Países ricos em terras, como o Brasil, ocupam uma posição importante nas relações internacionais como guardiões de reservas ecológicas de importância global. No entanto, isto depende da sua capacidade de restaurar terras degradadas e de criar resiliência aos choques ambientais. Devem ser apoiados para o fazer, nomeadamente através de sistemas globais que financiem a gestão da terra.

Outras reformas políticas que todos os países deveriam realizar para reduzir a pressão sobre a terra incluem o incentivo a mudanças no sentido de dietas mais baseadas em vegetais, a redução do desperdício alimentar e a dependência menor – agora e no futuro – da energia proveniente dos biocombustíveis e do sequestro de carbono através deles.

Os governos devem agir em conjunto sobre o clima, a natureza e a alimentação e ter em conta as compensações. Devem trabalhar em conjunto para melhorar a comunicação e a responsabilização em torno do uso da terra e antecipar e comunicar melhor os riscos futuros. Governar, reduzir e dar prioridade aos usos coletivos da terra não será fácil, até porque não existe um órgão de decisão política global que supervisione esta questão.

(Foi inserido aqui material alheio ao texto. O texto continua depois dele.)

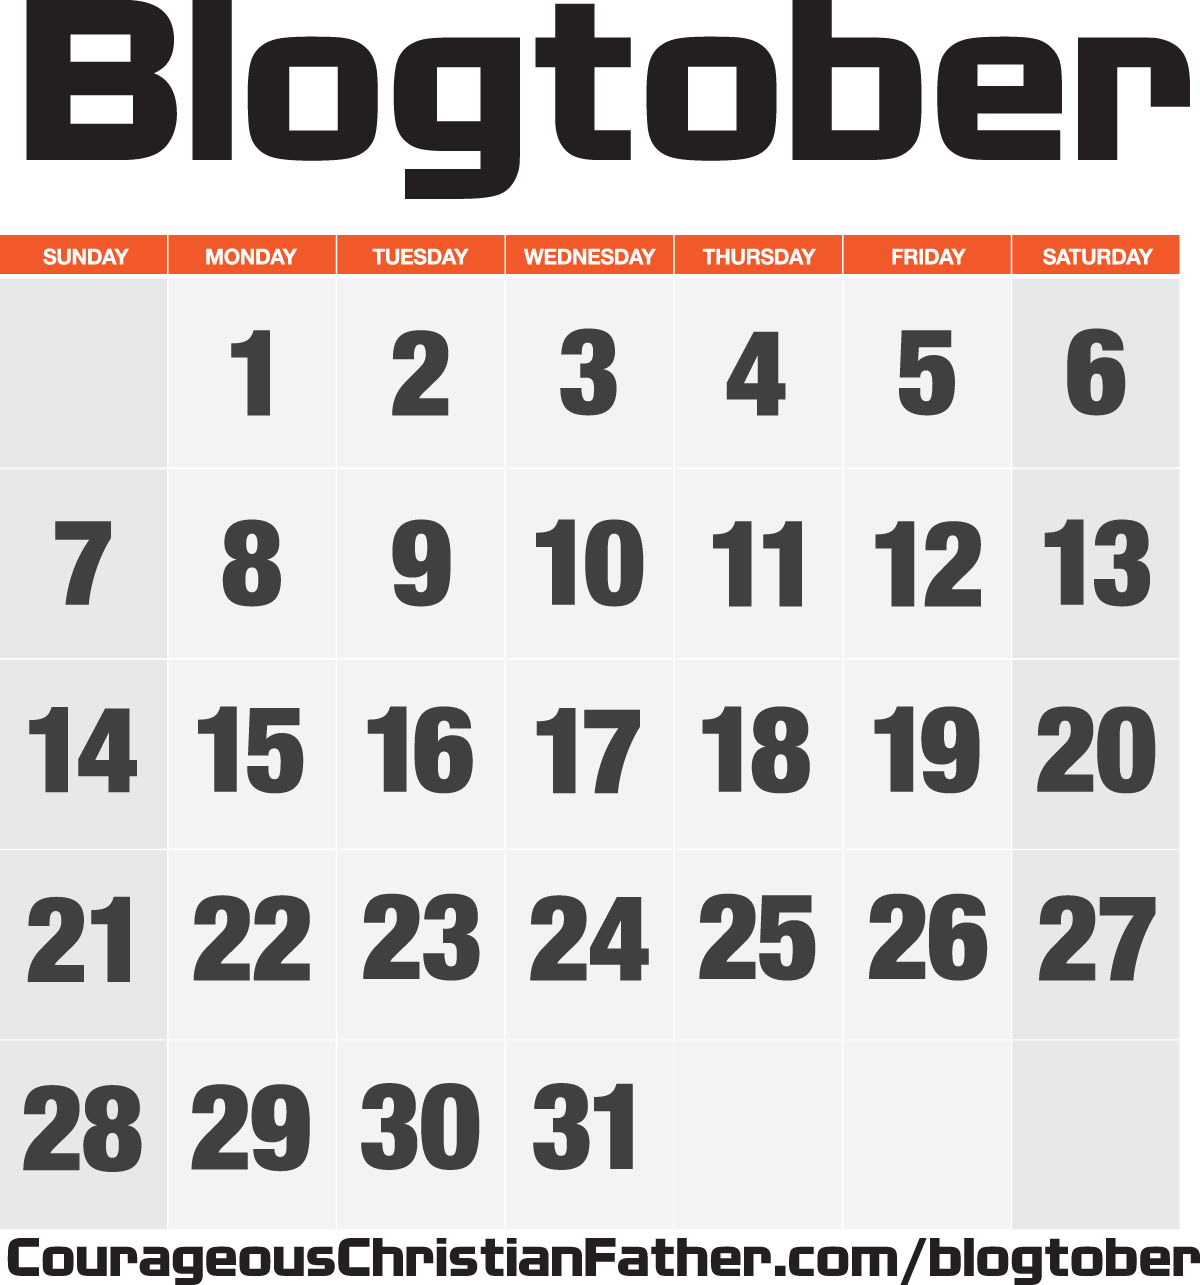 Blogtober a time to get blogging! Come on all you Christian Bloggers and Blog for the LORD! #Blogtober

Além disso, fazer isto corretamente exige que concedamos interesses políticos nacionais a curto prazo, em prol da sobrevivência a longo prazo – como é o caso das alterações climáticas. Escolhas difíceis e compromissos pragmáticos terão de ser feitos. Mas agir mais cedo ou mais tarde é do interesse de todos os nossos interesses.

Este texto não representa, necessariamente, a opinião de CartaCapital.